↓
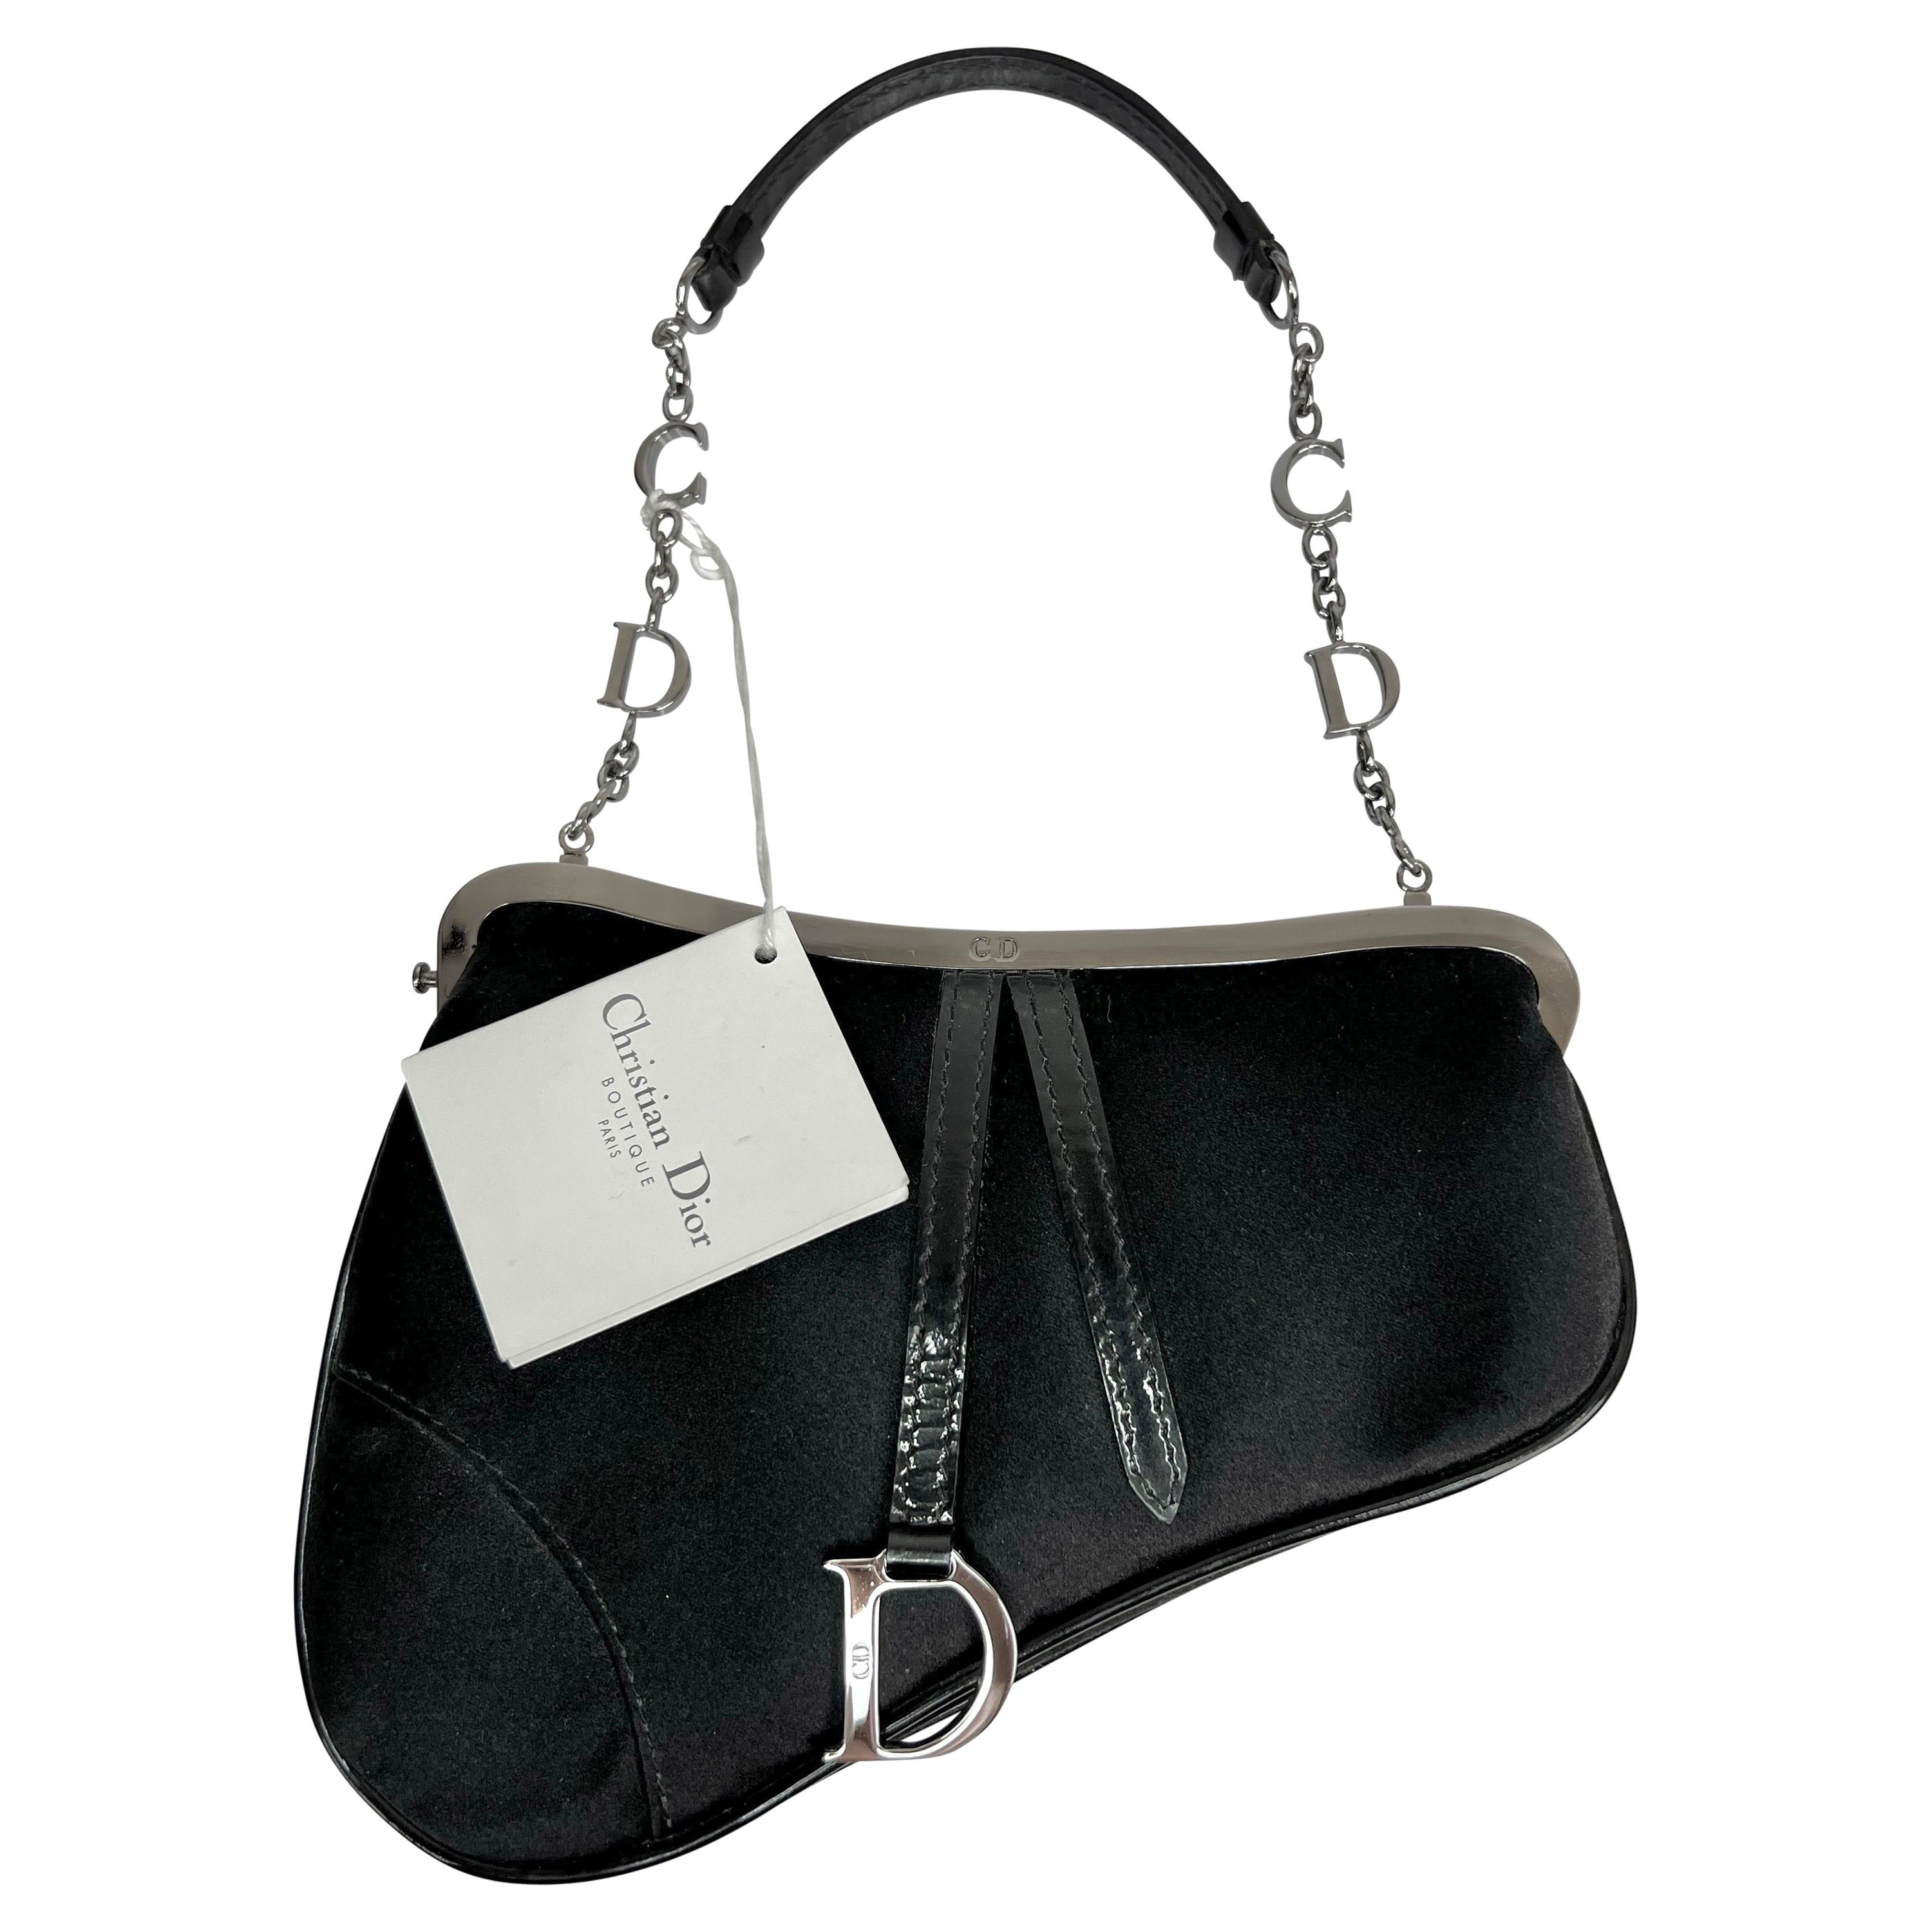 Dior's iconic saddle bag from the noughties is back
↑
↓
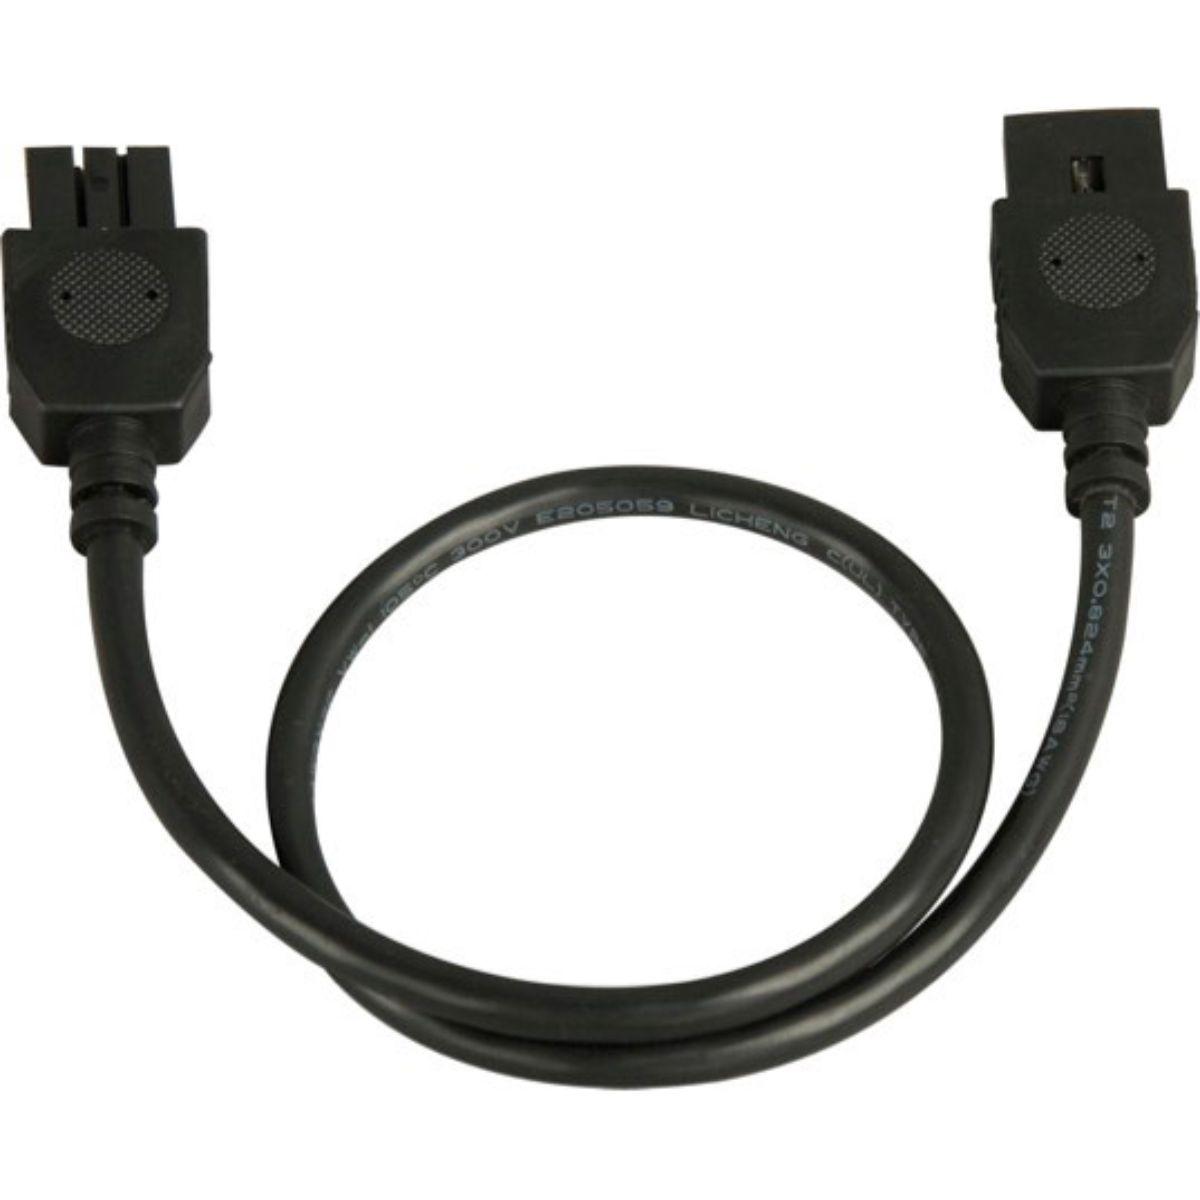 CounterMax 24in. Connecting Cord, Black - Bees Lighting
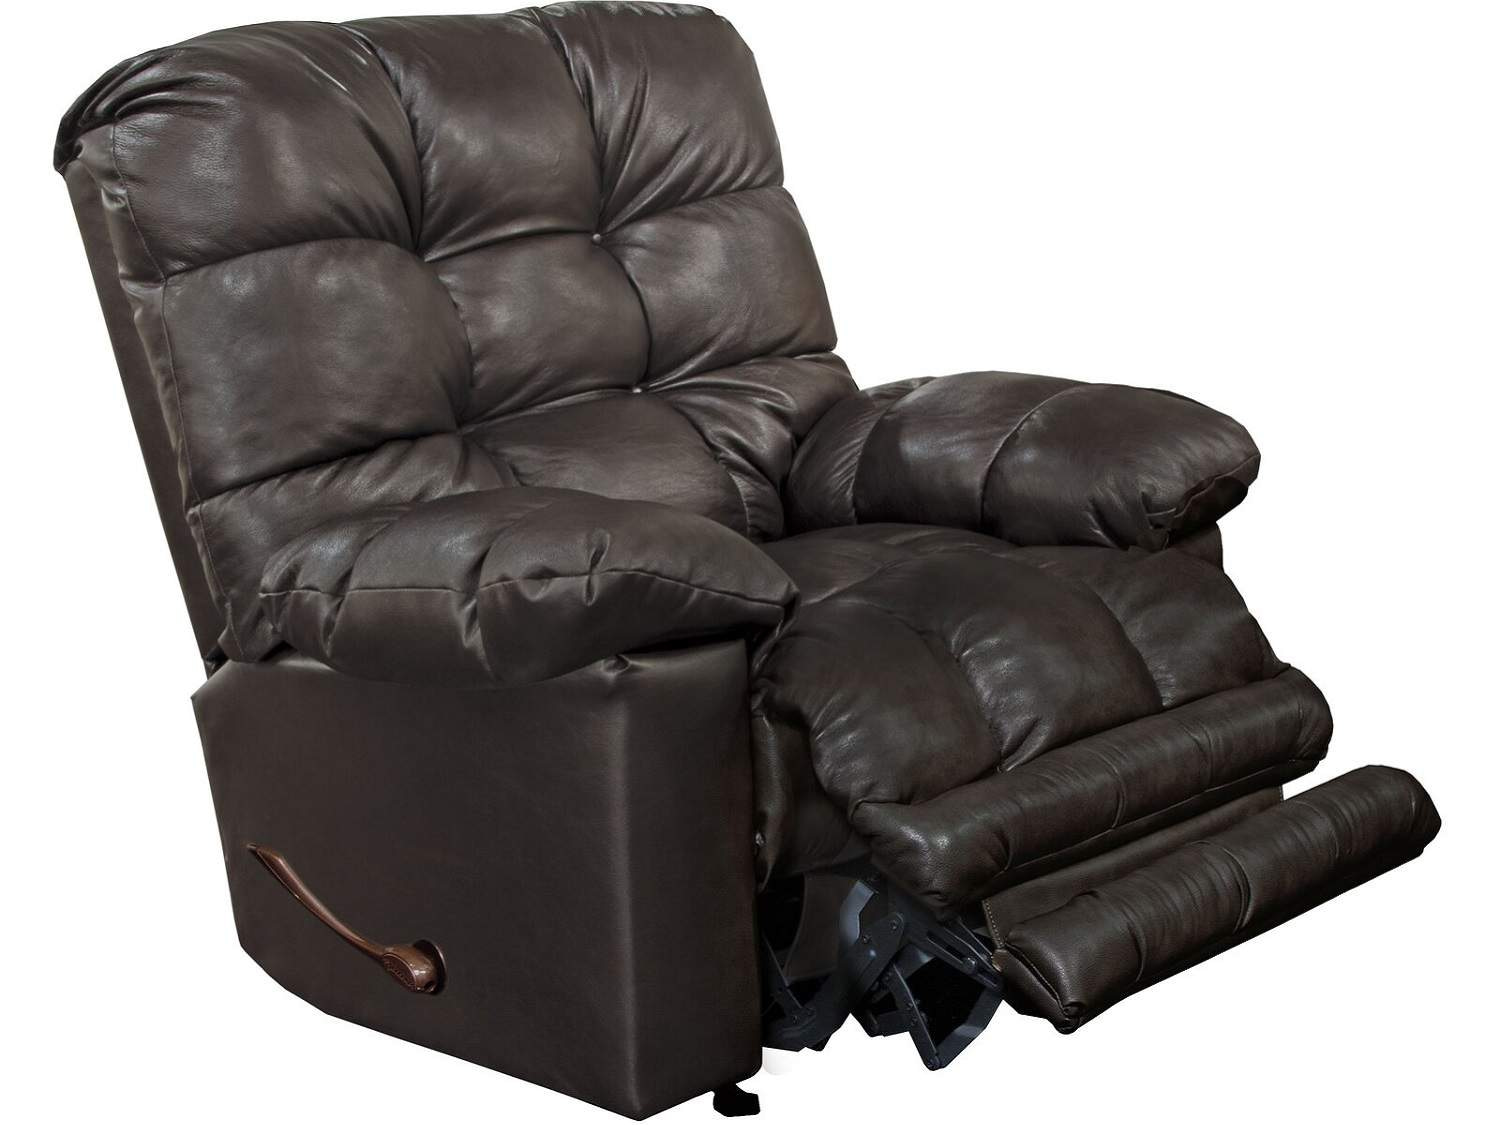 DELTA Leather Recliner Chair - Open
↑
↓
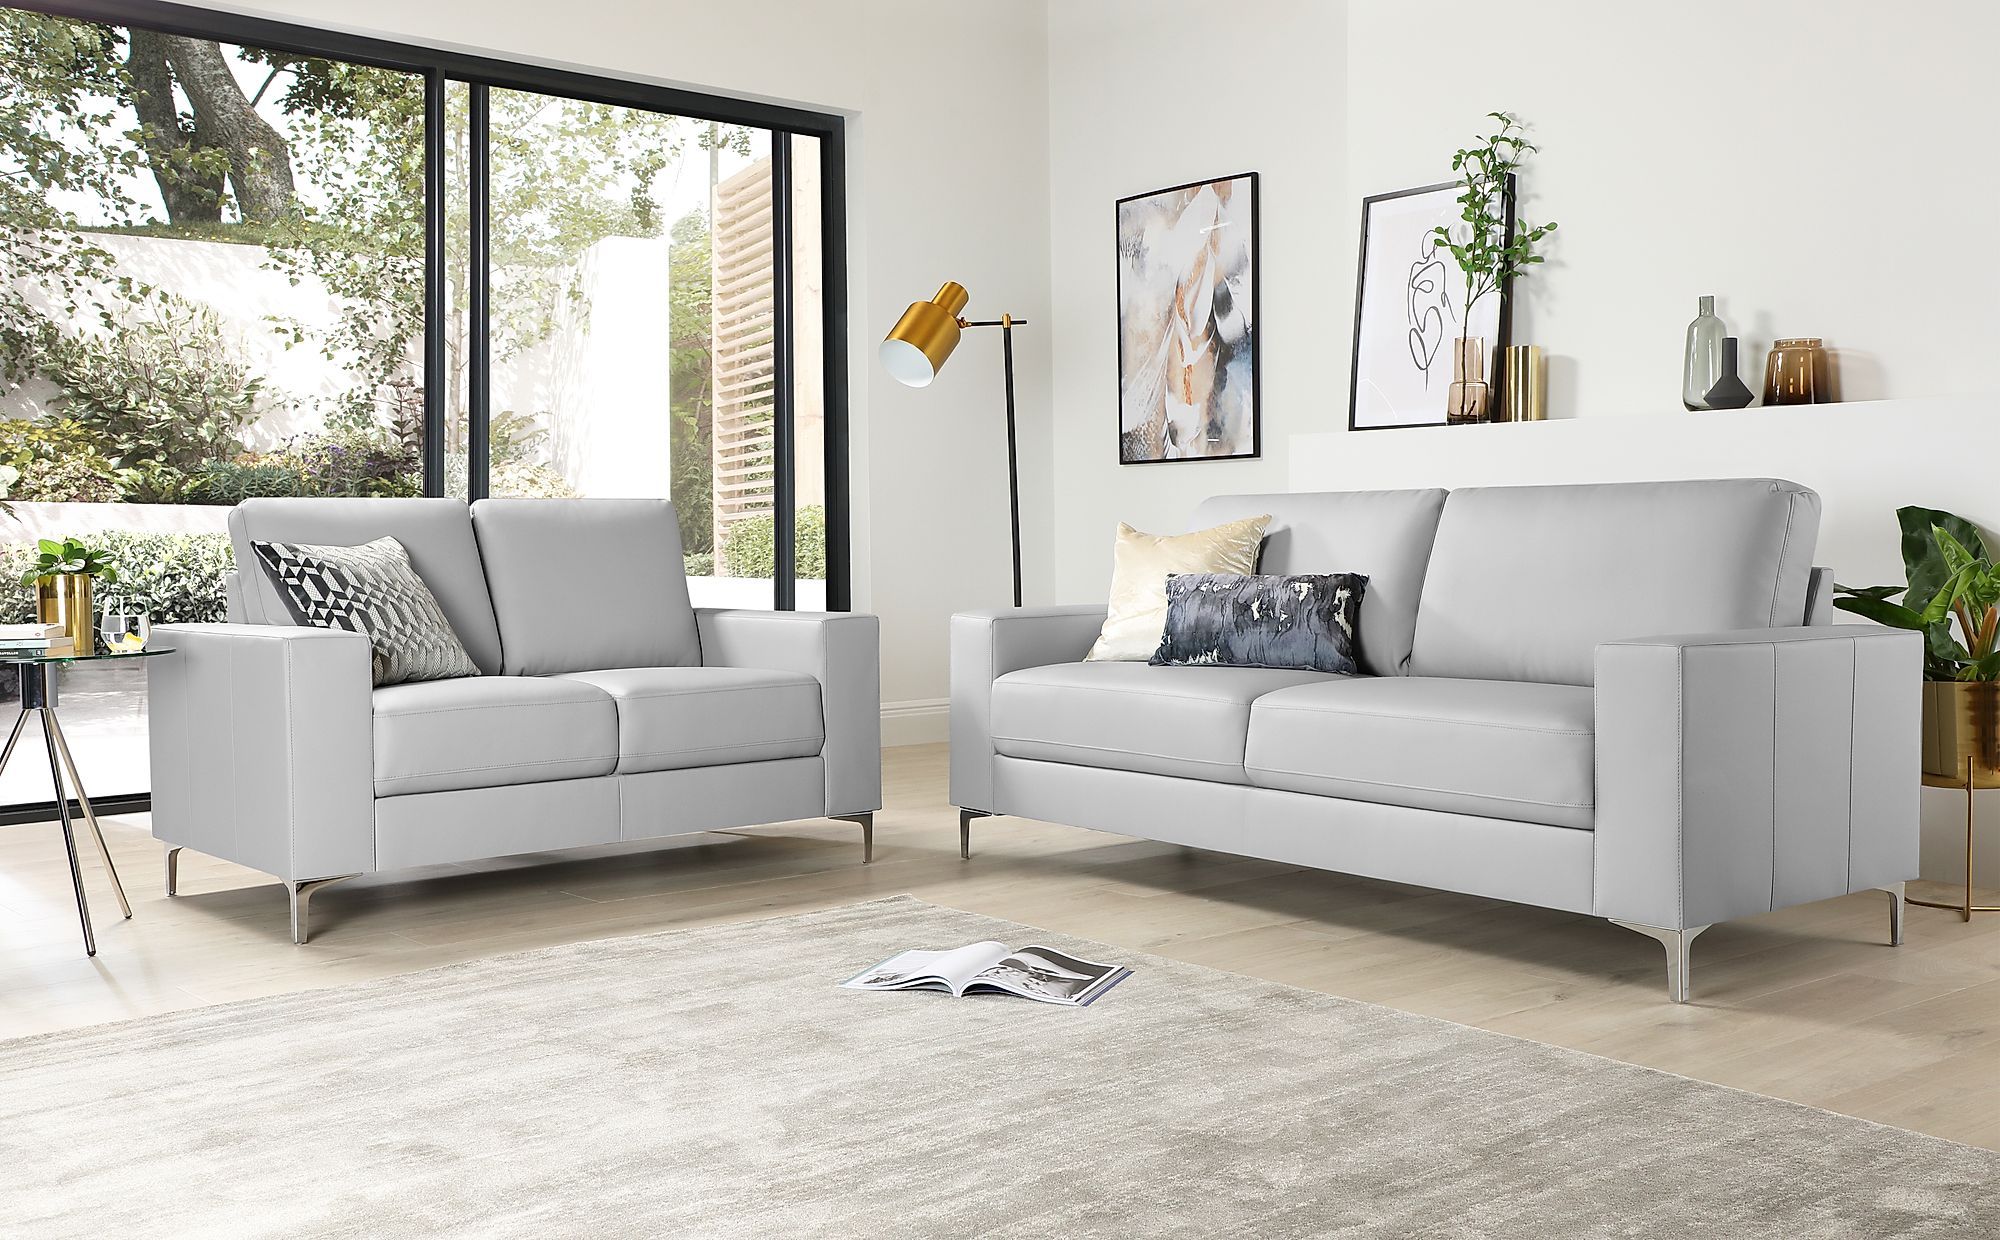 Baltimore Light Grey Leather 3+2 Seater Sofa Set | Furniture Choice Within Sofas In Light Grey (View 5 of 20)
↑
PROBLEM REQUIREMENTS: Range to copy from the listing above: the line with "CounterMax 24in. Connecting" through the line with "DELTA Leather Recliner Chair - Open". Transcribe it exactly and skip the pictures.

SOLUTION FOR THIS PROBLEM:
 CounterMax 24in. Connecting Cord, Black - Bees Lighting
 DELTA Leather Recliner Chair - Open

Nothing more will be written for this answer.